И во сне боролся с твоим лицом

обращенный ко мне упрек,

что не вхож я в твой беззащитный сон,

что никто его не берег.

 

И теперь не знаю – ведь я не вхож –

что светилось в лице твоем.

Мимолетной молнии светлый нож

за оконный вошел проем.

 

Но в ночи, проявленной серебром

улетающего огня,

не будил тебя ни далекий гром,

ни зарницы, белее дня.

 

 

 

* * *

 

Сон идет за человеком,

изведенным в никуда,

словно талая вода

вперемешку с темным снегом.

 

Их когда-то сдали в хлам –

всех увечных, безголосых,

что на остров Валаам

укатились на колесах,

 

на подбитых костылях,

на подкованных дощечках,

в черных сгинули полях,

потонули в черных речках.

 

Вот и в памяти черно.

На пиру у людоедов

сладко хлебное вино.

И живи, его отведав.

 

 

 

* * *

 

Снимок, не попавший в проявитель,

сделанный рассеянным прохожим;

мы не знаем что там, мы не видим,

дальнюю границу не тревожим.

 

Кто же мы – летающие вздохи

или вздохов моментальный снимок?

Птицы, подбирающие крохи

между сквозняков необъяснимых?

 

Ящерица, та что на припеке,

поднимает мизерное веко.

Видит восходящие потоки,

принимает их за человека.

 

 

 

* * *

 

Стекла нового патрульного

протирает черной ветошью,

а сама из Долгопрудного,

чуть подправленного ретушью.

 

Но дитя ее пристроено,

и пальто ее на вешалке.

И уже на постороннего

не глядит глазами беженки.

 

Только лестница-чудесница,

не ущелье и не улица,

мелкой сволочью беснуется

и никак не перебесится.

 

Поперек себя расшатана

злая цепкость бестелесная.

И теперь без провожатого

ей нельзя, она не местная.

 

Спит одна в холодной комнате,

черной ветошью замотана.

Никогда ее не вспомните,

не увидите.
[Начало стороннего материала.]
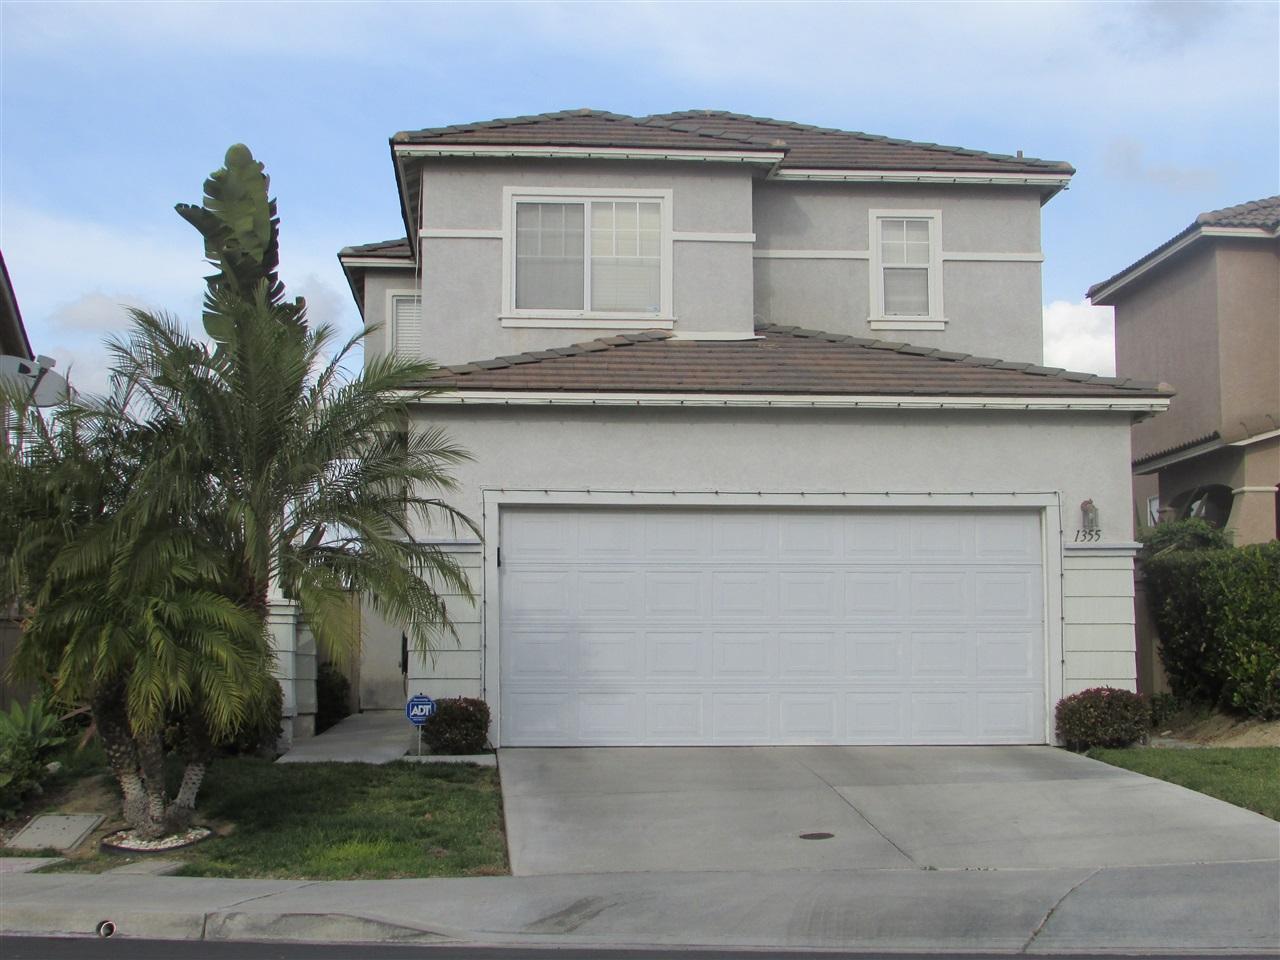 1355 Woodville Ave, Chula Vista, CA
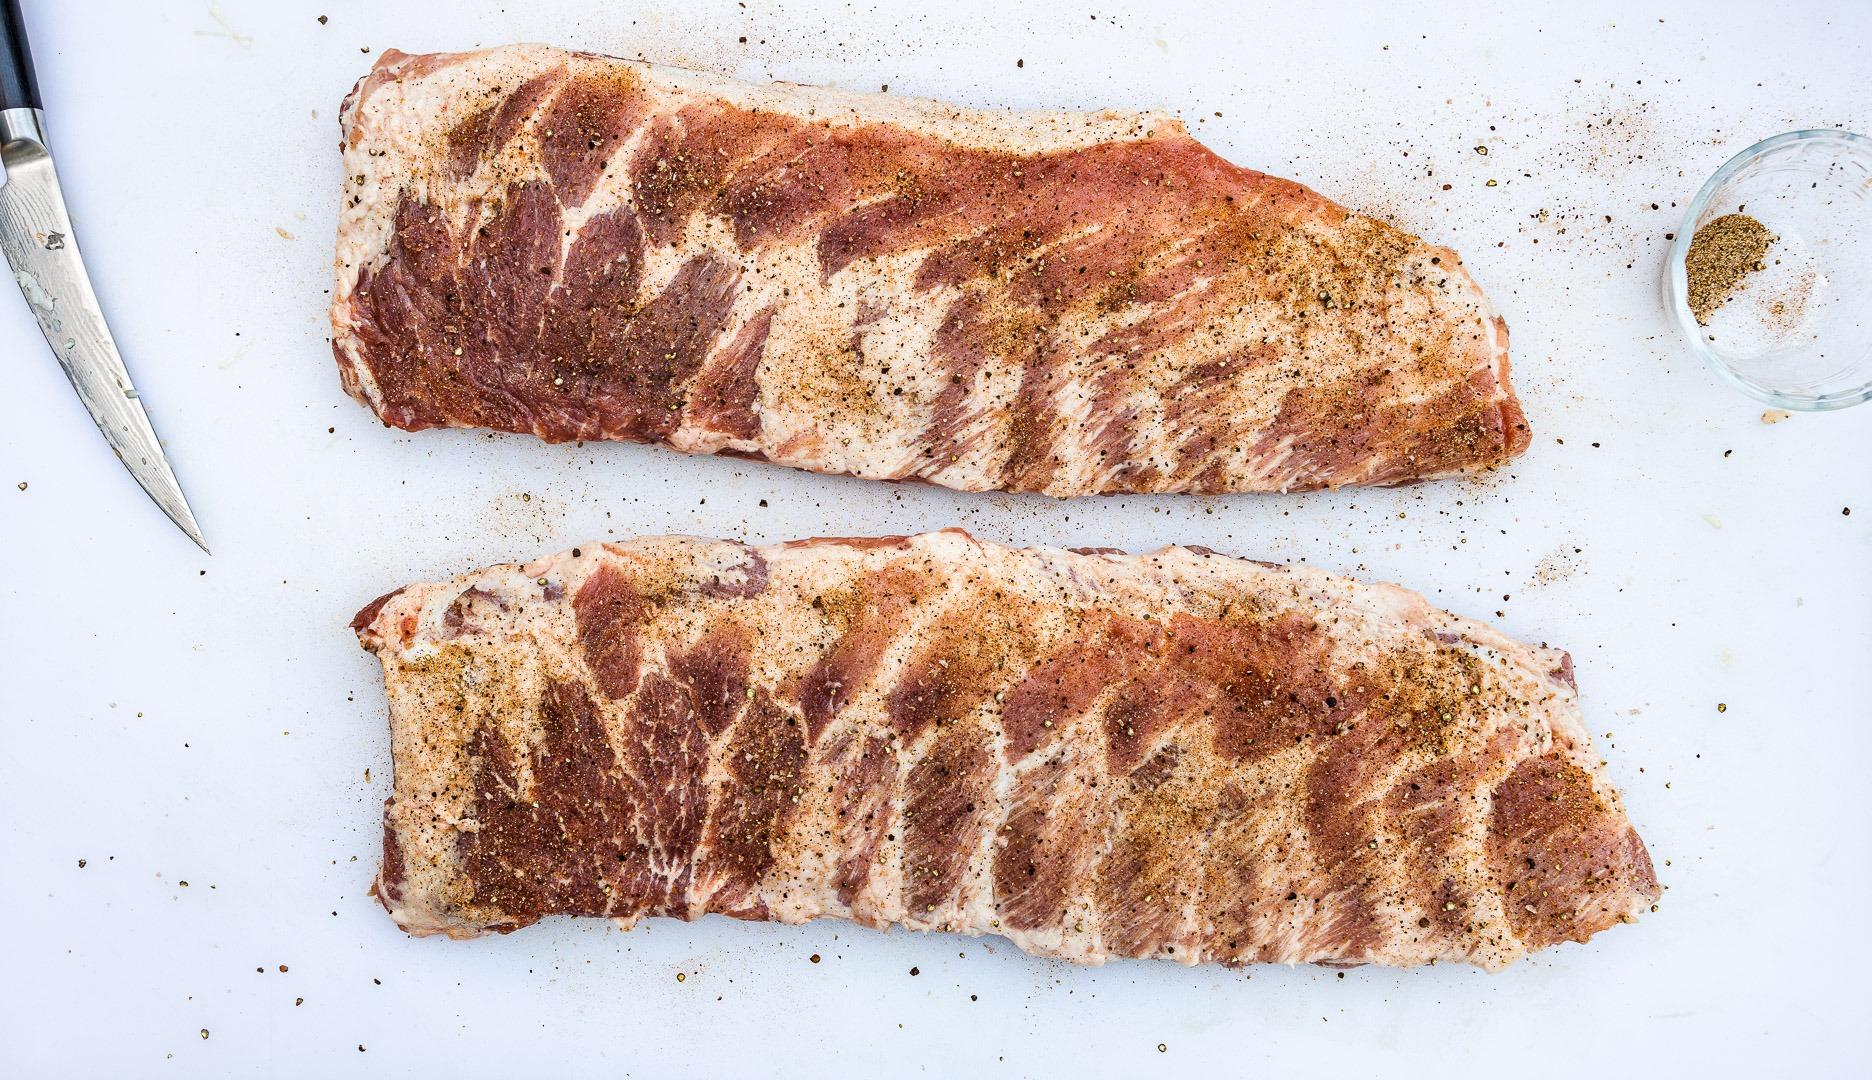 seasoned, trimmed ribs

Но вот она –

 

на ближайшем повороте вы

на нее глаза не подняли.

Это я стихи о родине.

Это если вы не поняли.

 

 

 

Двор

 

Двор сверкает антрацитом.

От границы до межи

темный блеск его просыпан.

В землю воткнуты ножи.

 

Скачут кони из орешин.

На земле блестит слюда.

Мы еще земли нарежем,

раз никем не занята.

 

Из-под пятницы суббота.

Позади попятный двор.

За полгода два привода.

Кто не спрятался, не вор.

 

Не один в потешных войнах

изменился на глазах.

Кто ты? Часом не разбойник?

Или родом не казак?

 

Ножевой бросок небрежный,

нитка тонкая слюны

не такой уже потешной

дожидаются войны.

 

В темноте таится недруг,

непонятен и жесток,

он стоит ногами в недрах

и рогами на восток.

 

Или детство видит скверно,

цепко в памяти держа

что-то острое, наверно,

если режет без ножа.

 

 

 

Два голоса

 

– Что у тебя с лицом?

Нет на тебе лица,

выглядишь беглецом.

 

– Топкая здесь земля.

Тонок ее настил.

Долог ее отлив.

Быть не хватает сил,

жабрами шевеля.

 

– Вот объявился тать,

командир этих мест.

Что ни увидит, съест.

Нечего ему дать.

 

Всех коров извели.

Зверя сдали на вес.

Множатся стригали,

но никаких овец.

 

– Да, но еще вдали

множатся голоса

выброшенных с земли,

стертых с ее лица.

 

В камни обращены.

Гонит воздушный ключ

запахи нищеты.

Камень еще горюч.

 

– Время-то на износ.

Времени-то в обрез.

Что бы ни началось,

некогда ставить крест.

 

Выбери шаг держать,

голову не клонить,

жаловаться не сметь.

 

Выбери жизнь, не смерть.

 

Жизнь, и еще не вся.

Жаловаться нельзя.

 

 

 

* * *

 

Вдруг зеленеет зрение.

Вещи теряют вес.

Правила ударения

в дождь повторяет лес.

 

Кто и куда проник

зазеленевшим взглядом

можно узнать из книг.

Книги летают рядом.

 

 

 

* * *

 

Сажа бела, сколько б ни очерняли.

Чей-то червивый голос нудит: «Исчезни!

Если земля, то заодно с червями».

Есть, что ему ответить, да много чести.

 

Эта земля, впитавшая столько молний,

долго на нас глядела, не нагляделась –

не разглядела: что за народ неполный,

вроде живое, а с виду окаменелость.

 

Так и бывает, свет не проходит в щели;

есть кто живой, доподлинно неизвестно.

И по ступеням вниз на огонь в пещере

тихо идет за нами хранитель места.

 

То-то родные ветры свистят как сабли,

небо снижается, воздух наполнен слухом,

чтобы певцы и ратники не ослабли,

чтобы ночные стражи не пали духом.

 

 

_______________________________________

 

 

* * *

 

Вот последнее: каждый порез на счету.

И обуженный воздух идет в высоту,

каждой тенью тебя повторяет.

 

Вот кора в узелках, и стена проросла.

Потревоженной молью ныряет зола,

и не скажешь, как память ныряет.

 

Тем и жить, наконец, просчитав на шаги

все, что возле и вровень послушной рутине.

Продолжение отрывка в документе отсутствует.